Subsequently, when the first communication connection and the second communication connection is a communication state, the information stored by the storage unit 15 will be described. FIG. 5 is a diagram showing a relationship between a charging state of a cell and a cell voltage, and a relationship between a charging state of a battery and a pack voltage.

The microcontroller MC2 obtains the cell voltage and pack temperature. Thus, as shown in FIG. 5A, the storage unit 15 stores the relationship between the charging state and the cell voltage of the cell at each temperature. In FIG. 5A, three curves with different temperatures are shown. In FIG. 5A, when the temperature becomes lower, even in the state of charge of the same cell, the necessary cell voltage decreases.

The microcontroller MC2 obtains the pack voltage and pack temperature. Thus, the storage unit 15 stores the relationship between the charging state of the battery and the pack voltage at each temperature as shown in FIG. 5B. In FIG. 5B, three curves with different temperatures are shown. In FIG. 5B, when the temperature becomes lower, even in the state of charge of the same cell, the required pack voltage decreases.
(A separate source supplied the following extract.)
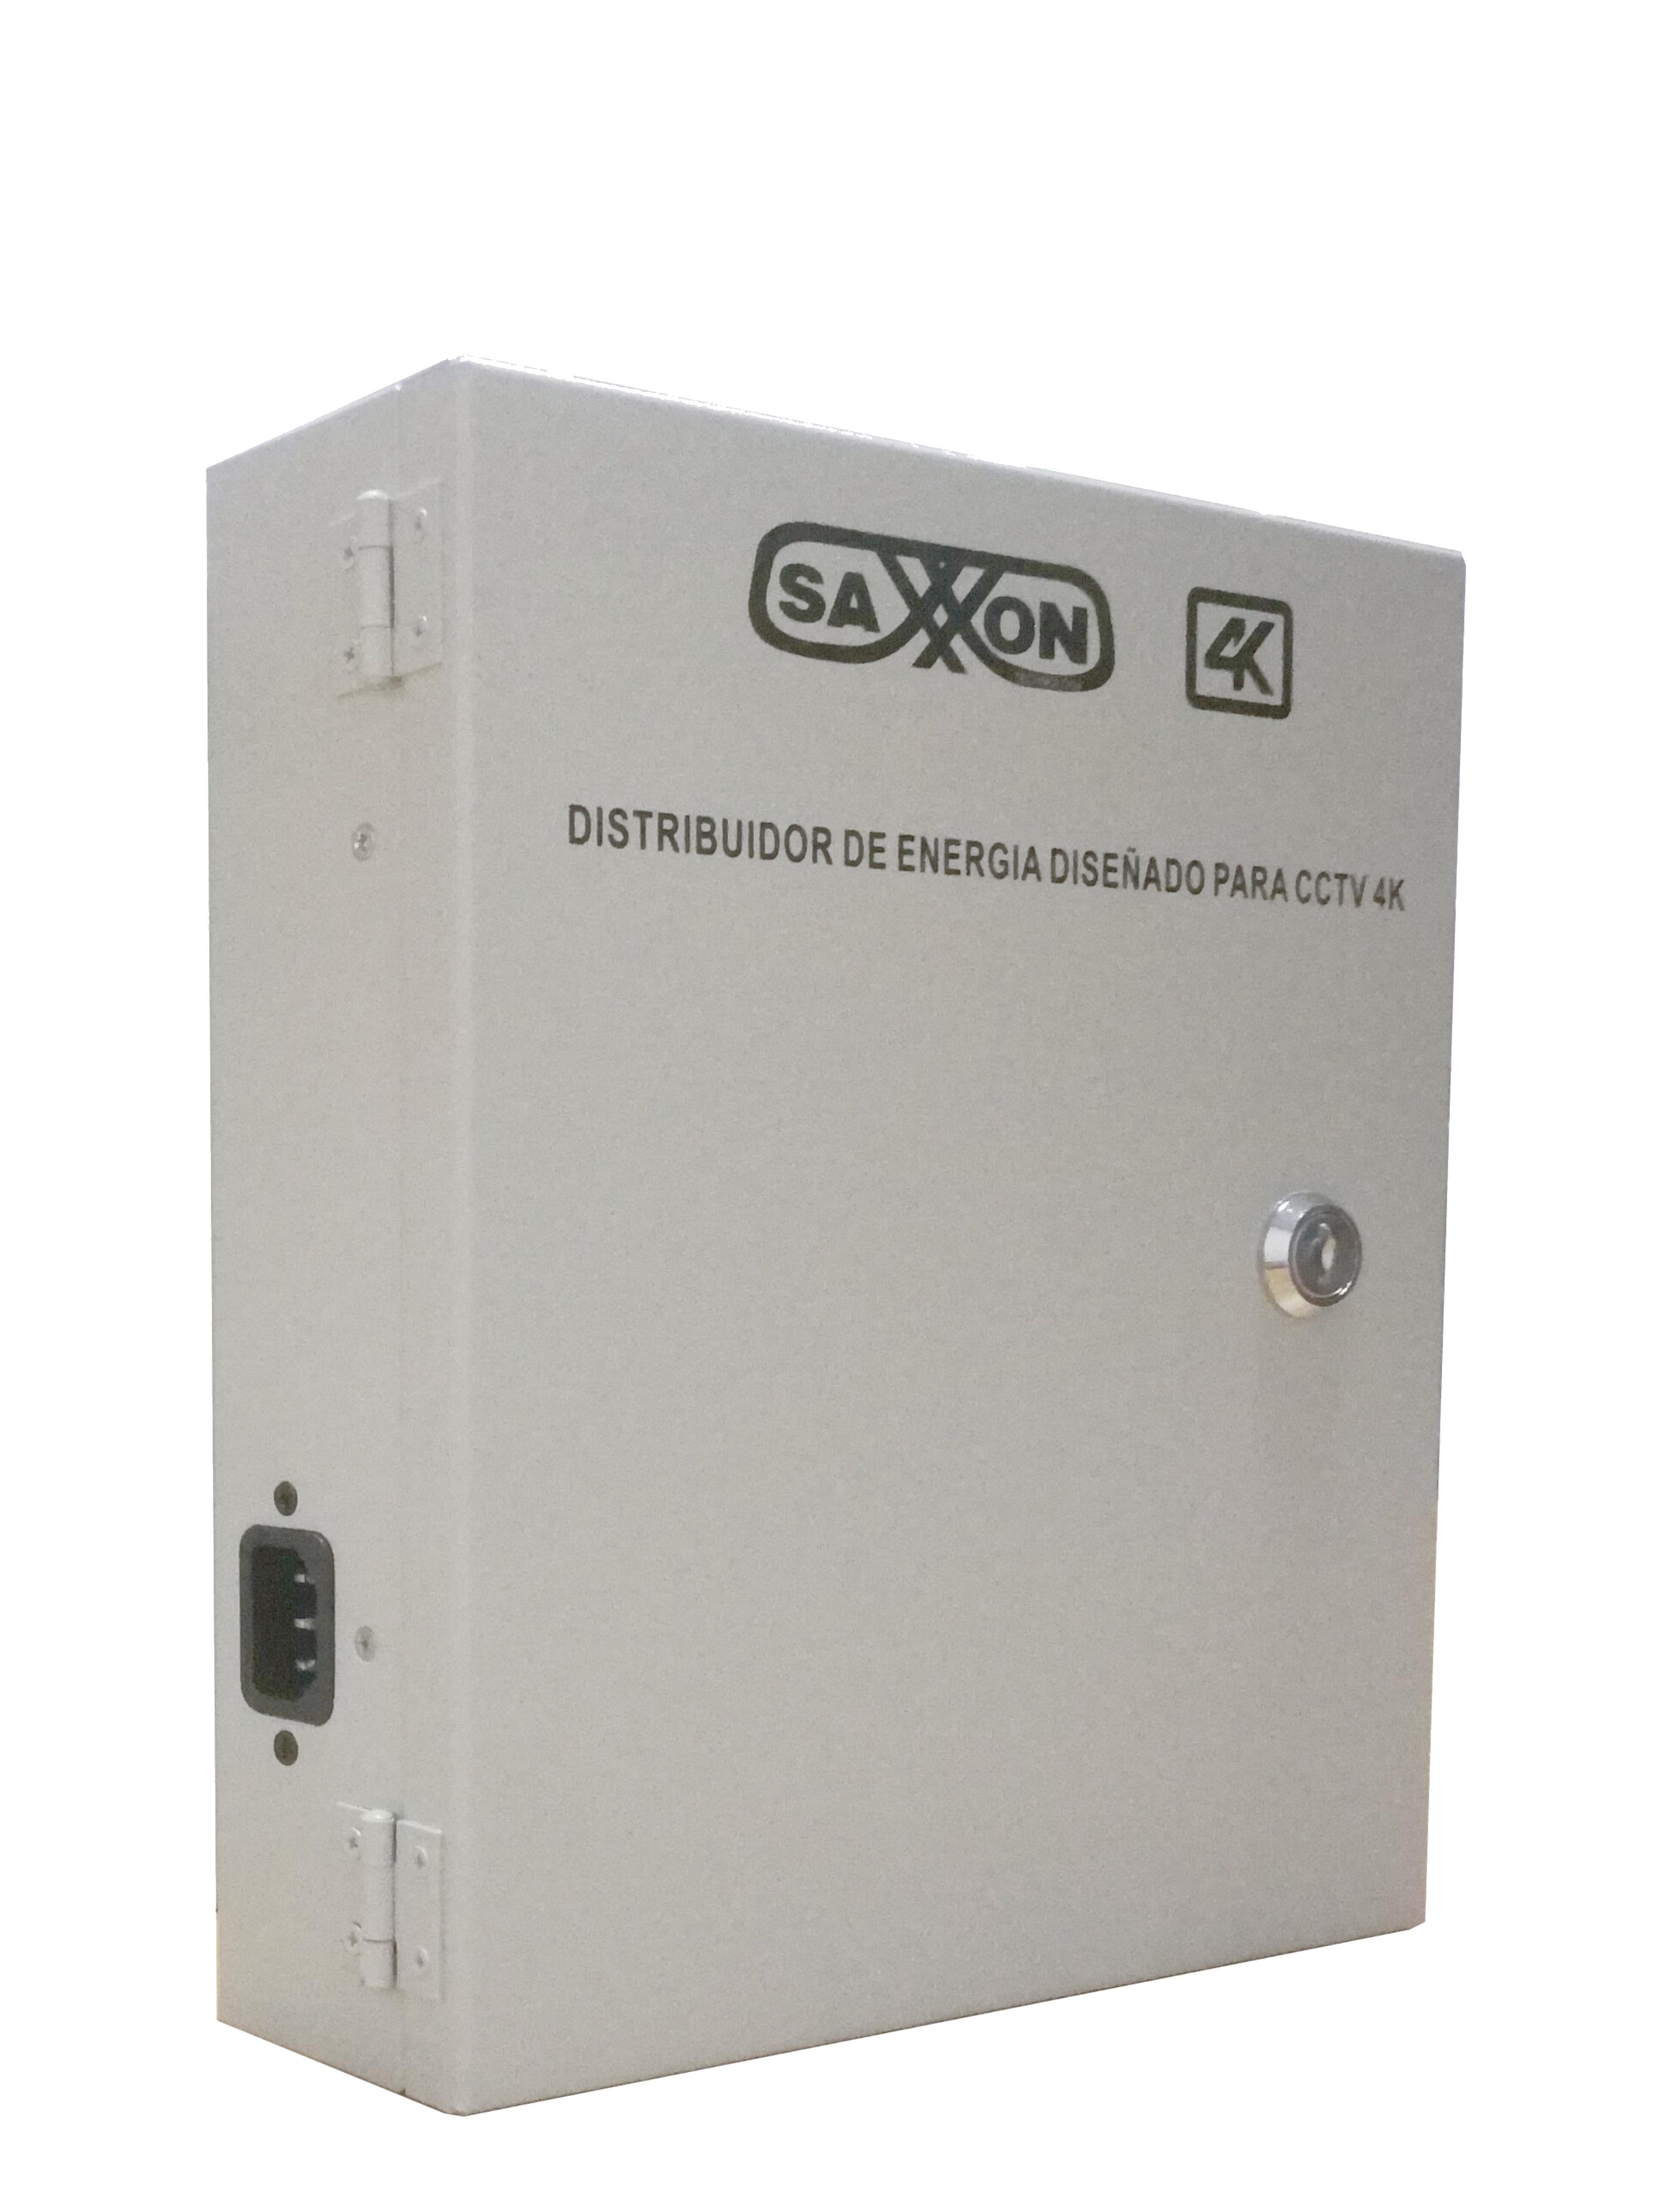 SAXXON PSU1213D8H- Fuente de poder de 11 a 15 VCD/ 13 Amperes/ Distribuidor para 8 camaras/ Ideal para camaras 4K/ 4MP/ Filtro de ruido por canal/ 1.6 AMP por canal

The microcontroller MC2 obtains the pack temperature and the pack current. Thus, the storage unit 15 stores the relationship between the pack current and the pack temperature change during charging and discharging. FIG. 6 is a diagram showing a change in the pack current with respect to time, a change in the pack temperature in response to time, and a relationship between the pack current and the pack temperature change.

As shown in FIGS. 6A and 6B, the storage unit 15 stores a change in the pack current in response with respect to time and a change in the pack temperature with respect to time. The microcontroller MC2 calculates the relationship between the pack current and the pack temperature change shown in the lower stage of FIG. 6 using the change in the pack current with respect to the time shown in FIG. 6A and the change in the pack temperature with respect to the time shown in FIG. 6B. Then, the storage unit 15 stores the relationship between the pack current and the pack temperature change shown in FIG. 6C.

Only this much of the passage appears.